> Id steer well clear of client side Regexs for something "continuously
> checked" like this.
I did precisely because I knew it would only end badly.
> Why not just remember the last few letters typed?
If only that sort of information was available.
The API for this sort of thing is the EditorUpdateEvent, which can
tell you that a) a change happened and b) the location in the document
it happened at.
This then requires a loop over the document to stitch together the
text up to that point, before it can even be considered for checking.
Since the EditorUpdateEvent is rate-limited it is possible for quite
large deltas to be applied between calls resulting in large quantities
of text needing to be checked.
> If its "http:" then
This is fine until we want to check for more than just http. E.g.
https or mailto or (any other scheme...). At which stage, we need to
(in the worst case) sample the number of letters in the longest
scheme. And then a loop over the list of known schemes for each bit we
need to check, so it ends up testing things like ('h', 'ht', 'htt',
'http'). Also, we need to ensure we get 'https' without treating it as
'http'. By instead working backwards along the text from the detection
of the URI separator ('://') instead.
To work backwards, we need to maintain a copy of enough text in the
document prior to the separator to ensure we always detect correctly
(even across node boundaries, but managing to ignore/reset state on
new lines).
> set a boolean "probablylink" too true. Then the next time space is
> pressed, check inbetween those letters too see if it looks like a
> link.
Since we are using EditorUpdateEvent, checking for a space will
require a loop to re-retrieve the document text up-to the latest
change, then looking through all the text upto the new location but
beyond the location we set 'probablylink' at, and looking for a space
(another loop needed then).
> That should go at a decent speed during entry surely?
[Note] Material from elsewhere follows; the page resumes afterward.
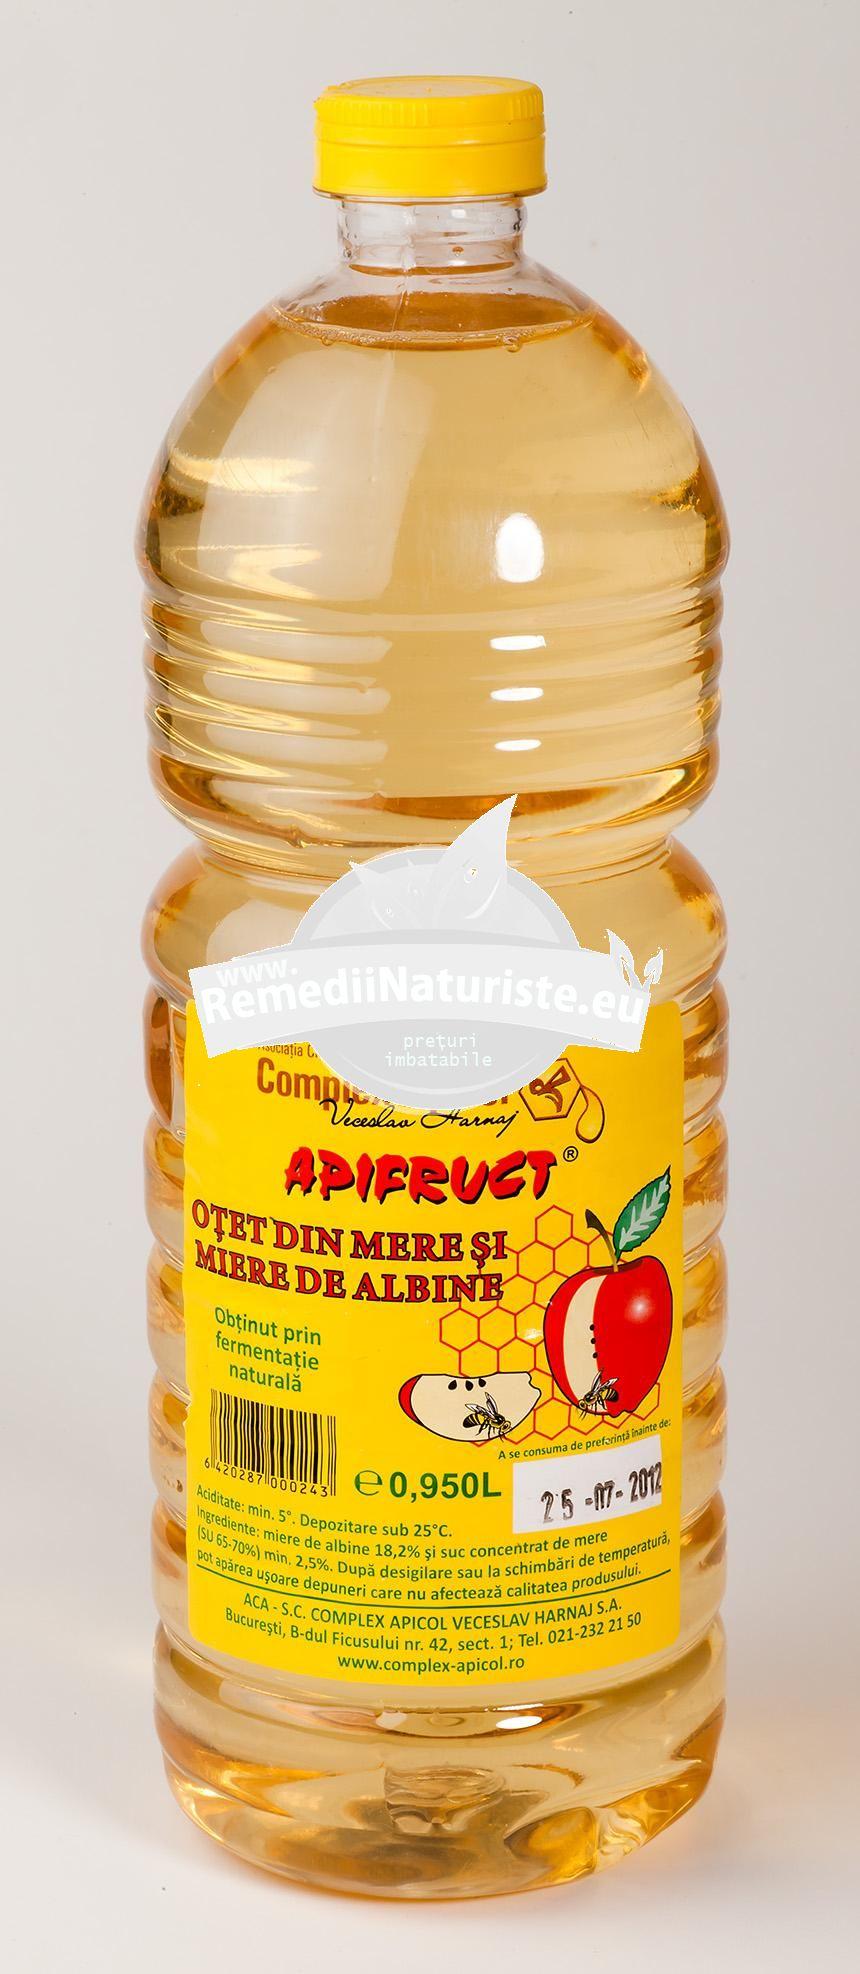 Tratamente apicole si stimulenti

Oh, and this needs to be able to be done within a few milliseconds
otherwise the user will get annoyed with the lag.
By this stage, the number of loops we need to do every time we receive
an EditorUpdateEvent is such that it becomes noticeable after we have
a few different links all within a few hundred characters.
NB: The algorithm you described is pretty much what I had coded it to
try doing. So if you want pull down my code from that review request
and feel free to try to improve its efficiency.
Network latencies could easily be ~1s, so yes the link would be
annotated a bit slower, but the user would be able to continue to type
the blip at normal speed, rather than being slowed down by the browser
unable to run the JS checks quick enough each time a keypress occurs
causing EditorUpdateEvent to fire (since the lag time due to the
browser slow-down is now great enough to result in an event being
fired every keypress).